Godspeed, nightowls.

Things I Don't Think About, But Other People Do

Wednesday, March 11th, 2009

When I can’t very well do my own thinking, it helps to draw from other people.  So, thanks, SleepyJane!

Q. Where are you from? I read a lot of blogs from people all over the world and it’s not like you guys talk about your home town in every post. I’d really like to know where you people are!
I’m from Pasadena, California — a suburb town with lots of restaurants on the perimeter of the city.  I’ve moved closer to center of Los Angeles since.

Q. If you only had R200/$20 and you could have one day all to yourself, and spend the money on what ever you want, what would you do? Go to a coffee shop? Go have a picnic? Buy some fabric and make something?
I’d go buy some fresh guitar strings, head home, re-string my guitar, and spend the entire day recording ideas.  That sounds incredible to me.  Oh, also I’d buy some cigarettes to keep me company.

Q. If you’re a girl that loves make up I’d like to know how you store your products? Where do you keep them? In a drawer? In a bag? I’m having a little dilemma as to how to practically store my make up so I’d love to know what you do to keep yours organized?
…I’m sorry I can’t help here.

Q. Tell me one random thing about you? It can be anything! Me? I like to watch movies and series with the subtitles on. No reason. I just like to read what I hear I guess.
Once, I was a janitor.  Worst. Job. I’ve. Ever. Had.

Q. Why did you start blogging? What is (in your opinion) the best part about blogging?
Why: To get better at web development and writing in general, and to try and learn something about myself.
What: The community is incredible!  I had no idea there was so much camaraderie — my impression of the internet free speech was YouTube trolls, so it was refreshing to know there are people out there who aren’t just out there to get off on conflict.

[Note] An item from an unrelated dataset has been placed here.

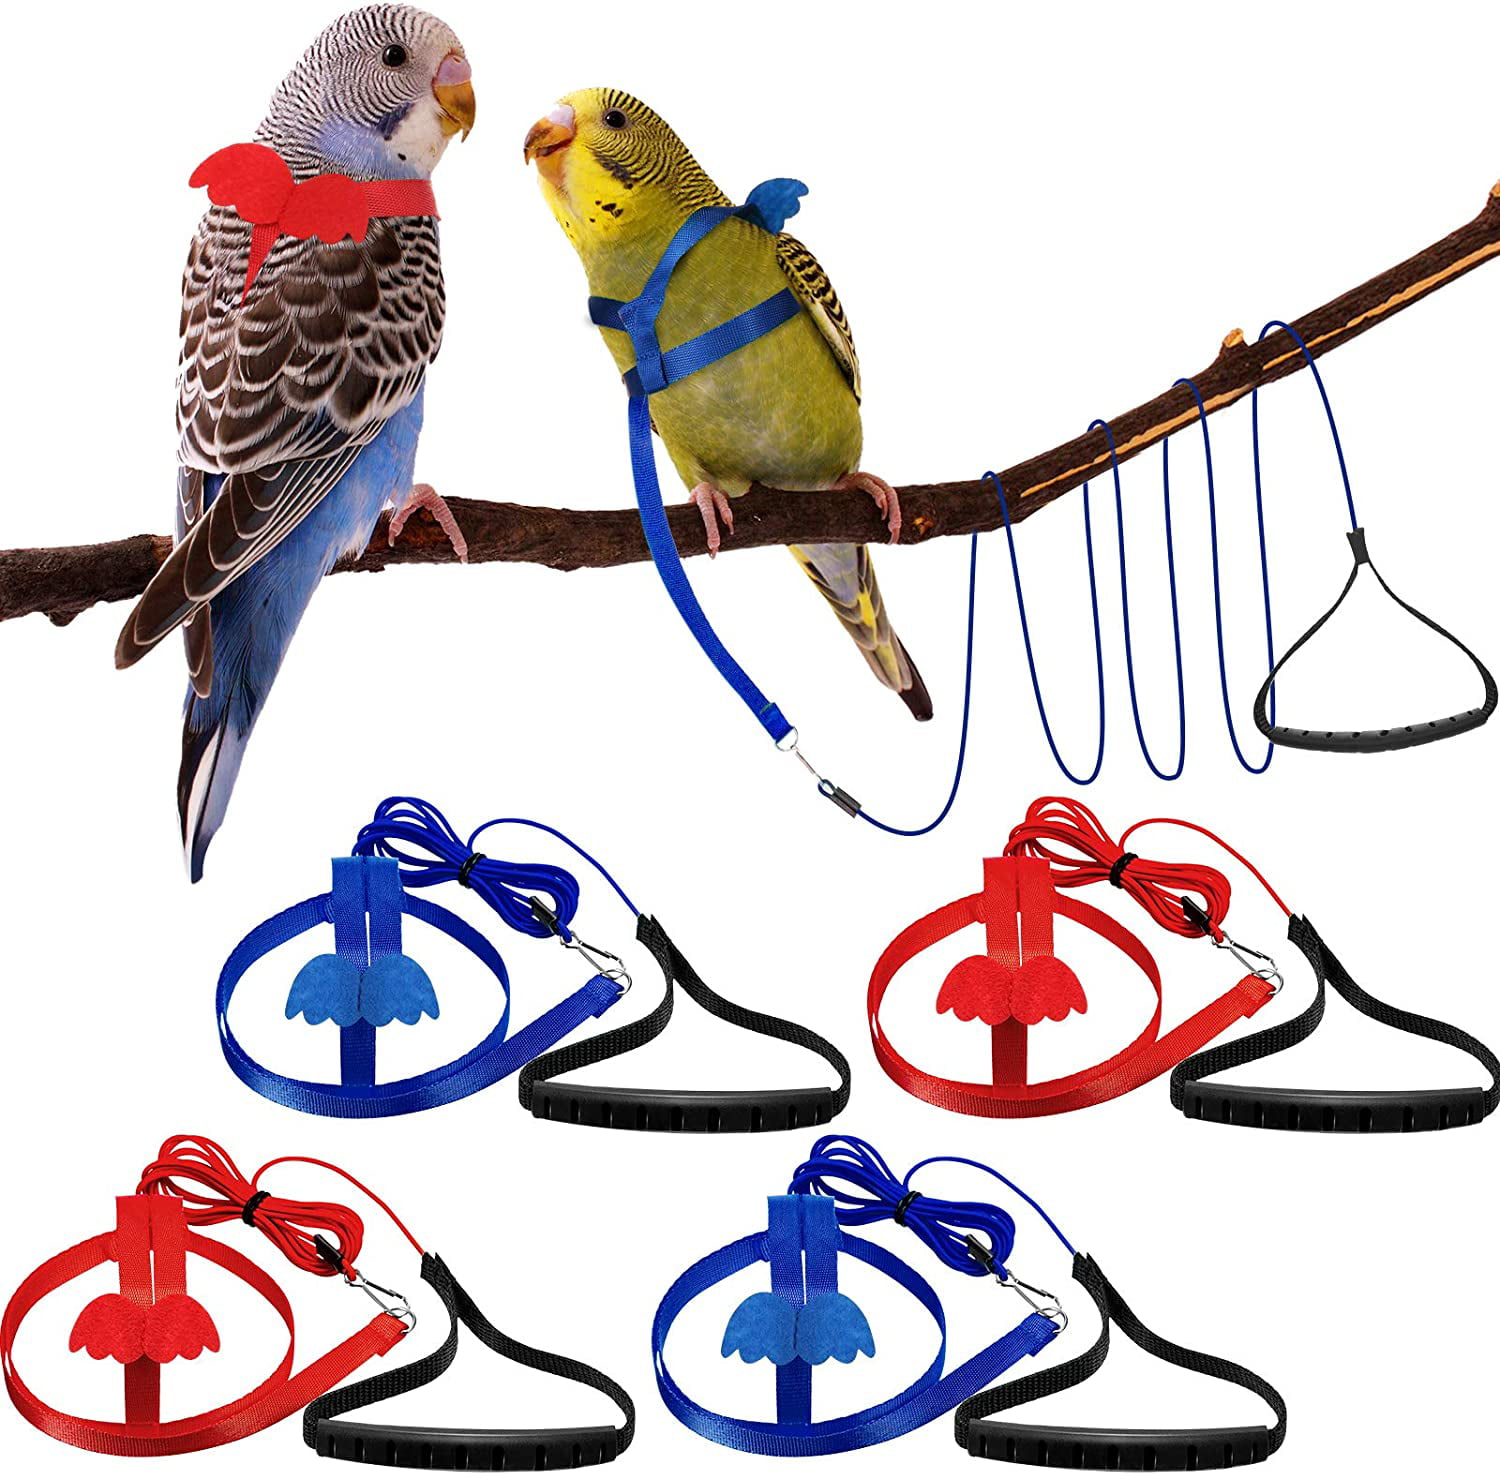 Birds Parrot Nappy Parrot Bird Harness Leash for Parrot Parakeet Outdoors

Q. What’s your favourite sandwich topping? A spread? Tomato and cheese? Describe the perfect sandwich.
Avocados, which in California are orgasmic.  Orgasmacados.  Yes.
I am actually not very picky when it comes to sandwiches — the only prerequisite is that I’d like mine to be filling.  I’ve willingly had some pretty mediocre sandwiches that get by simply because of their volume and density.